Importance nested sampler#
In Williams et al. 2023, we proposed importance nested sampling with normalising flows and called the algorithm i-nessai.
The algorithm described there is available in nessai alongside the standard algorithm.
Important
The API for the importance nested sampler is still under-development and may change between minor versions.
Basic usage#
The importance nested sampler is implemented in ImportanceNestedSampler
and, just like standard nessai, it can be run through the FlowSampler class.
To do so, simply set importance_nested_sampler=True when creating the instance of FlowSampler.
The sampler is then run using the nessai.flowsampler.FlowSampler.run(), e.g.
from nessai.flowsampler import FlowSampler
sampler = FlowSampler(
GaussianModel(),
output="output/",
nlive=5000,
importance_nested_sampler=True,
)
sampler.run()
Important
The importance nested sampler requires the user to define the methods to_unit_hypercube and from_unit_hypercube in the model class,
see the examples linked below.
Configuration#
All keyword arguments passed to FlowSampler will in turn be passed to either
ImportanceNestedSampler or ImportanceFlowProposal.
We now highlight some key settings, for a complete list see the documentation for the two classes,
nlive: more complex problems will often need largernlive,threshold_kwargs: dictionary of keyword arguments for determining the likelihood threshold, the most important isq(\(\rho\) in the paper),reparameterisation: either'logit'orNone, the former should be used in most cases, unless the flow has the domain on \([0, 1]^n\),flow_config: identical to the standard sampler, see Normalising flows configuration for details,reset_flow: reset the flow before training every ith iteration,
Stopping criterion#
By default, the stopping criterion is the log-ratio of the evidence above the likelihood threshold and the current evidence, called log_evidence_ratio in the code.
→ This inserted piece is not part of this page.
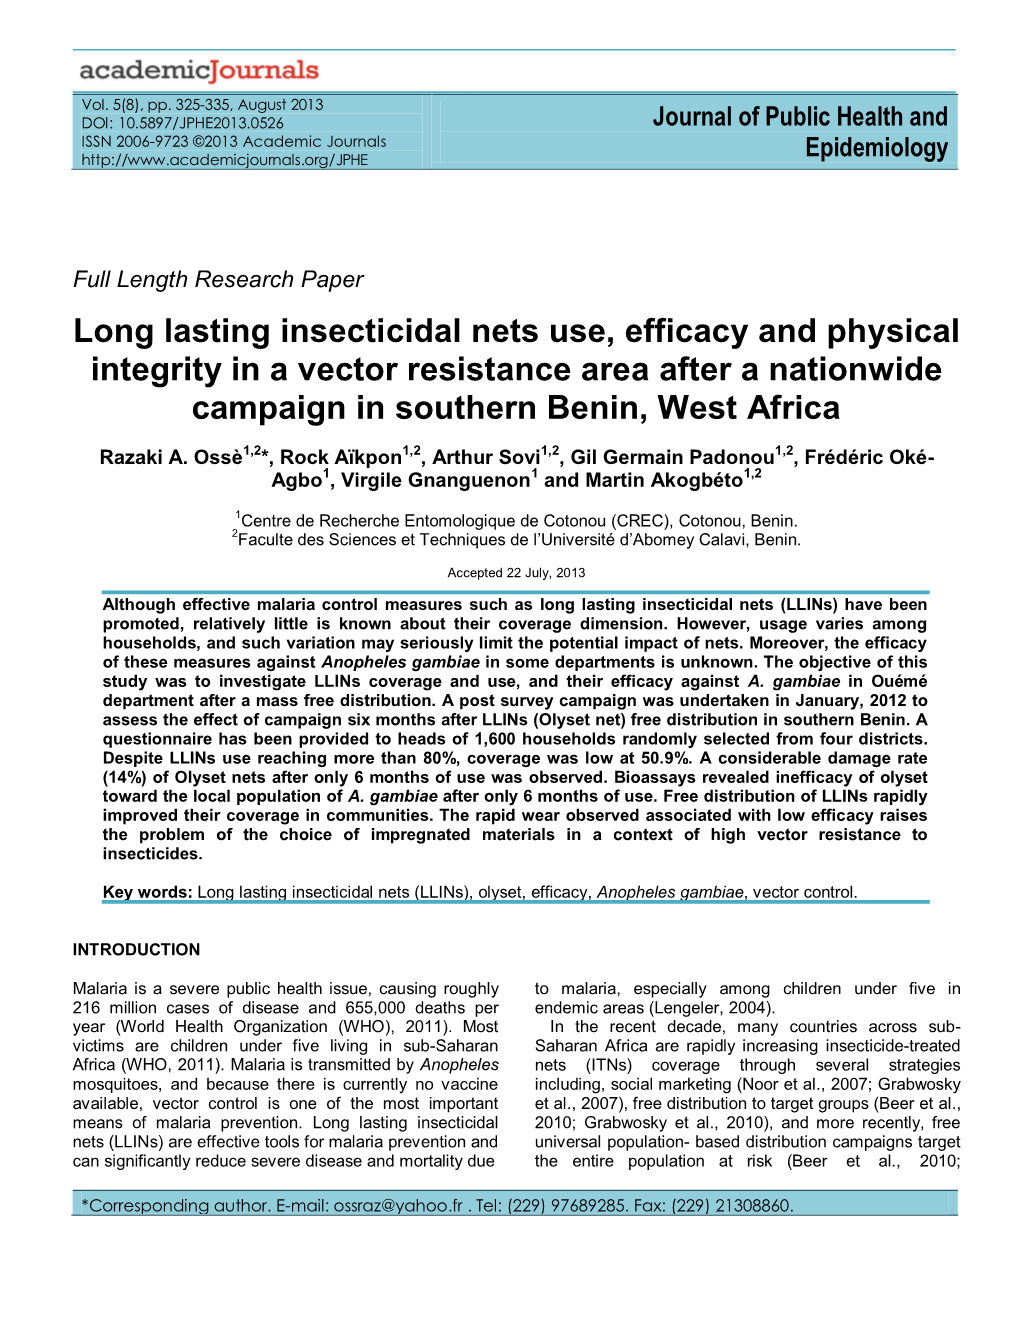 Long Lasting Insecticidal Nets Use, Efficacy and Physical Integrity in a Vector Resistance Area After a Nationwide Campaign in Southern Benin, West Africa

The default tolerance is tolerance=0.0 and should be suitable for most applications.
The stopping criterion can be changed by passing a string or list of strings to the stopping_criterion argument
and the corresponding tolerance to tolerance argument. When using multiple stopping criteria, the :code`check_criteria`
argument can be used to specify whether all or any criteria should must be met ('all' or 'any').
For a list of available stopping criteria, see nessai.stopping_criteria.
Logging#
By default the sampler will log every iteration and the log will look something like this:
04-24 11:53 nessai INFO : Log-likelihood threshold: -400.3606743056573
04-24 11:53 nessai INFO : Training next proposal with 1178 samples
04-24 11:53 nessai INFO : Drawing 2000 new samples from the new proposal
04-24 11:53 nessai INFO : Current n samples: 3143
04-24 11:53 nessai INFO : Stopping criteria: {'log_evidence_ratio': 0.6465817114126242} - Tolerances: {'log_evidence_ratio': 0.0}
04-24 11:53 nessai INFO : Update 1 - log Z: 0.085 +/- 0.085 ESS: 136.3 logL min: -4953.606 logL median: -81.045 logL max: -0.007
From top to bottom this shows:
the current log-likelihood threshold,
the start of the training stage with n samples,
the number of samples being drawn from the new proposal,
the current values of all stopping criteria and the corresponding tolerance,
a summary of statistics at the end of the current iteration, this shows:
the log-evidence,
the effective sample size of the posterior,
the minimum, median and maximum log-likelihood of the current set of live samples.
Output#
The importance nested sampler returns:
a result file, by default
result.h5,samplescontains the final samples drawn from meta-proposal,log_evidenceis the final estimate of the log-evidence,
a state plot (
state.png), this is similar to the state plot for the standard sampler,a trace plot (
trace.png), this is similar to the trace plot from the standard sampler but plots the ratio of the prior and the meta-proposal on the x-axis,a levels plot (
levels.png), this shows the log-likelihood distribution for each proposal.
Examples#
For basic examples, see the examples directory.
Gravitational-wave inference#
bilby#
The importance nested sampler is only supported in bilby via the the
nessai-bilby plugin where it is called inessai,
see Using nessai with bilby for details.
PyCBC inference#
PyCBC inference does not currently support the importance nested sampler.